FWIW I am not in a position to select control system OS's. I'm a humble observer (and mechanical engineer) for a company that makes safety control systems.

Assuming you have no legacy code or design to deal with; in critical safety control systems how would you select an appropriate OS?

Examples: Nuclear power plants, modern civil and military aircraft, GPS positioning systems for drillships, well blowout control systems.

System stability seems important and revision control seems important. Everything else seems to be derivative.

How do you quality such a system as safe? Redundant? Safe enough to keep thousands of people out of harms way, etc.

I'm curious what the community thinks. Maybe the right question is to ask, what should you avoid at all cost?

curt wuollet

There is immediately a big problem. There is essentially, no choice, with any of the major vendors. But, hypothetically, for true critical safety systems, you can lean on authorities that have audited and certified OS's for critical applications. Like the FAA and other government bodies. Or you can check out the credentials of those who sell this type of system. And you can do your own logical selection. Logically, it should be as small and narrow in scope as it can and still accomplish what you need. And it should be Open Source, so that you can audit and verify exactly what any particular function does. It should have established reliability, verified by uninterested third parties. And your decisions should then be defensible. Or, you can simply go for Windows, it meets none of those criteria, but it sure is popular and even your boss would be happy because he can play golf on it.

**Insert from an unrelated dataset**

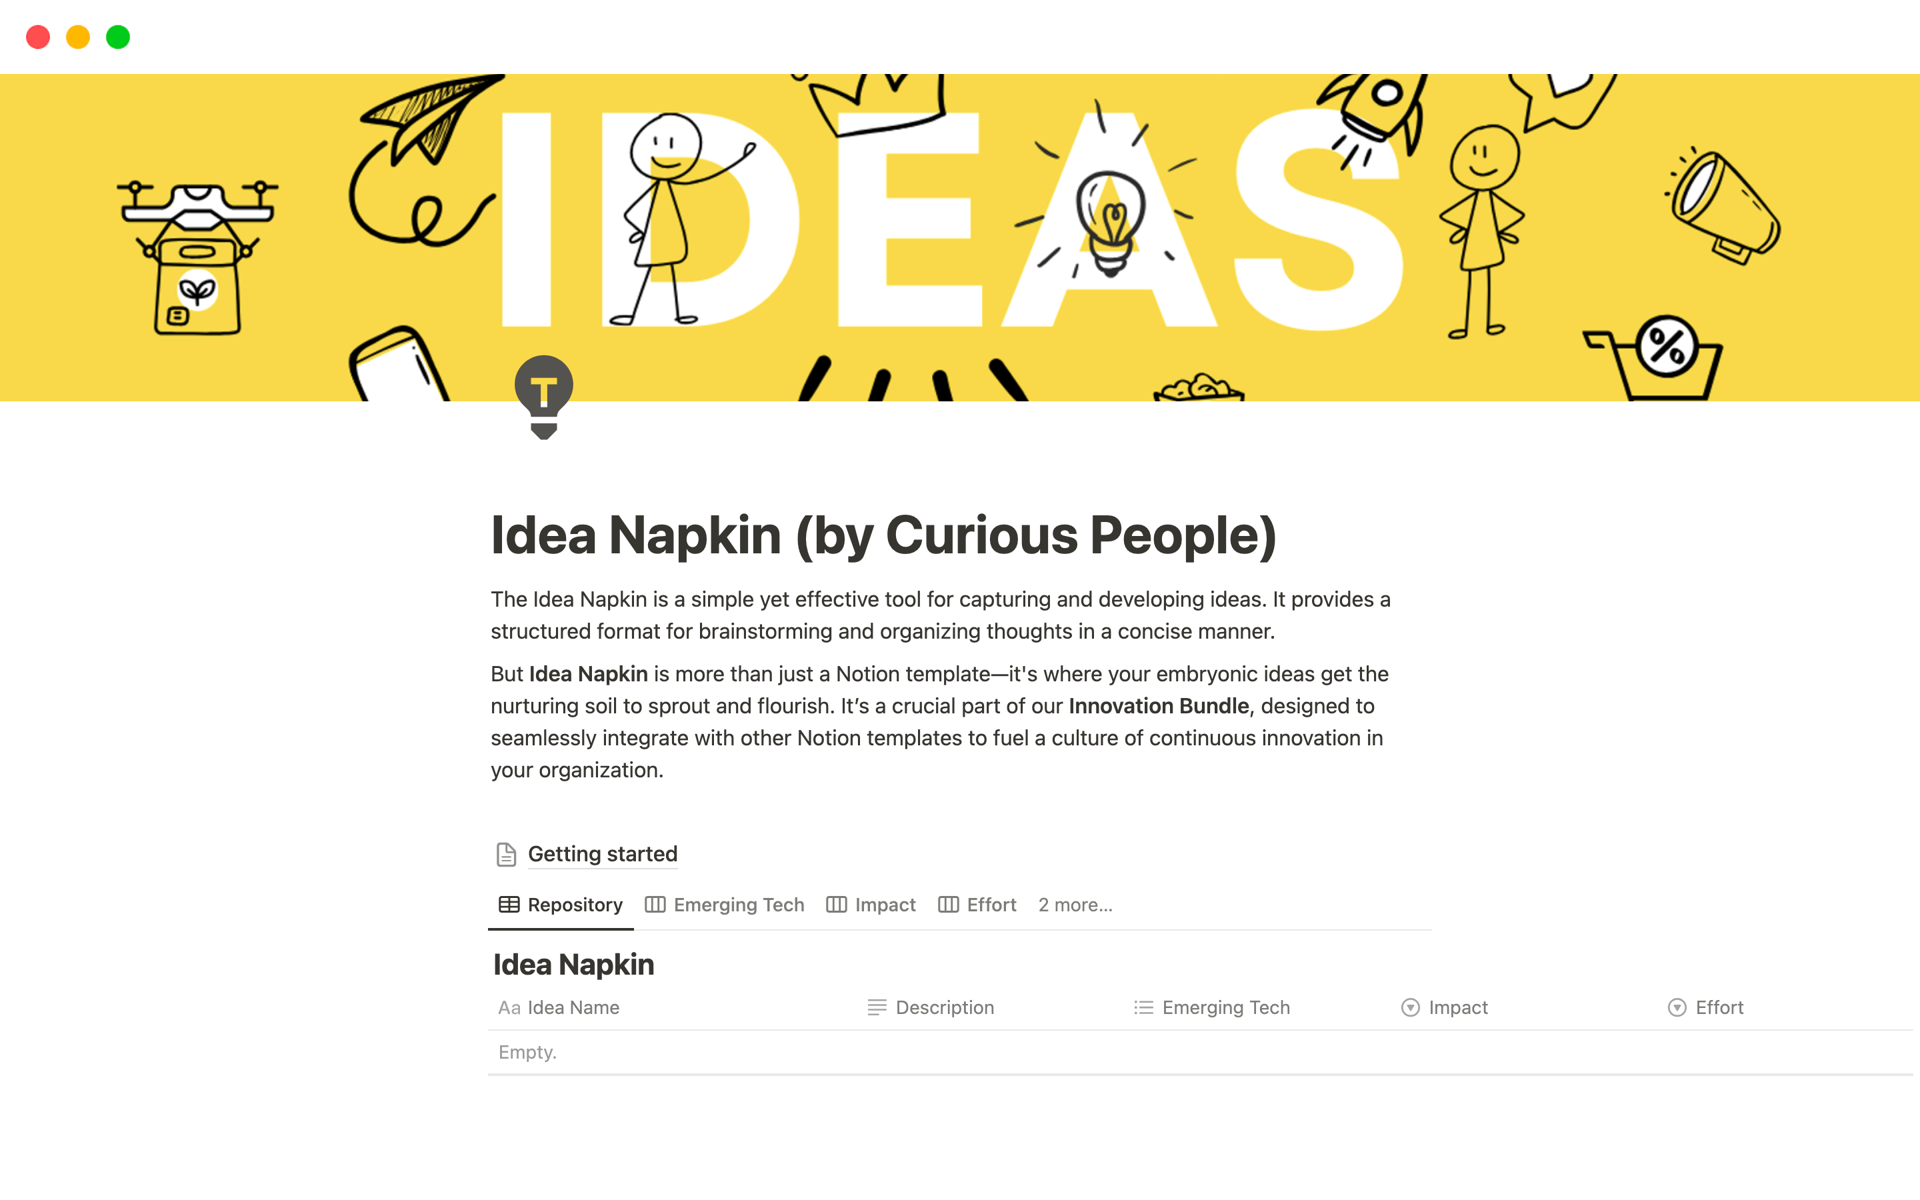 
Idea Napkin, more than a Notion template, is where embryonic ideas find fertile ground to grow. A vital part of our Innovation Bundle, it seamlessly meshes with other templates, fueling a culture of ceaseless innovation in your organization. It's where your ideas blossom.

I haven't gone through the process, but I have looked at what is involved. What you have to look for is what the applicable regulations are for the particular industry. Then you have to look at what the industry practice is when it comes to meeting those regulations. The legislation will state a goal, but the application of it will depend on compromises worked out between the relevant industry and the government regulators.

For aircraft you have to look at aircraft specific regulations, and those will vary from country to country (although usually not that much). For ships you have to look at marine regulations. In addition, there may be different regulations which apply to cargo aircraft or ships versus passenger aircraft of ships.

When it comes to complex operating systems, the bar seems to be set fairly low (judging by some of what gets used). However, it has to go through some sort of certification process, which is usually very time consuming and expensive. The certification process isn't really intended to fix any problems, it's just intended to make sure that nobody can be held to blame when something inevitably does go wrong.

Because of the cost of certification and the limited size of the market, the software that *does* get certified isn't necessarily the "best". Rather, it's a matter of whether some particular vendor was interested enough in that niche market to spend the time and money going through the certification process.

In many cases, the stuff that is *really* safety critical doesn't use an OS. Instead it uses a lot of custom code and some third party libraries. An OS isn't really necessary, because the functions are deliberately limited to what can reasonably be tested. Real safety doesn't come from any one component. It comes from the overall system design where you have to expect things to fail and allow for that in your design.

However, there is a very broad middle ground between critical and non-critical, and that's where a lot of things can go wrong unexpectedly. Something that wasn't supposed to be safety critical becomes safety critical because people rely on it to give them correct information before they decide whether or not a problem really exists. Or sometimes the non-safety critical component interferes with the safety critical ones, and prevents them from functioning correctly.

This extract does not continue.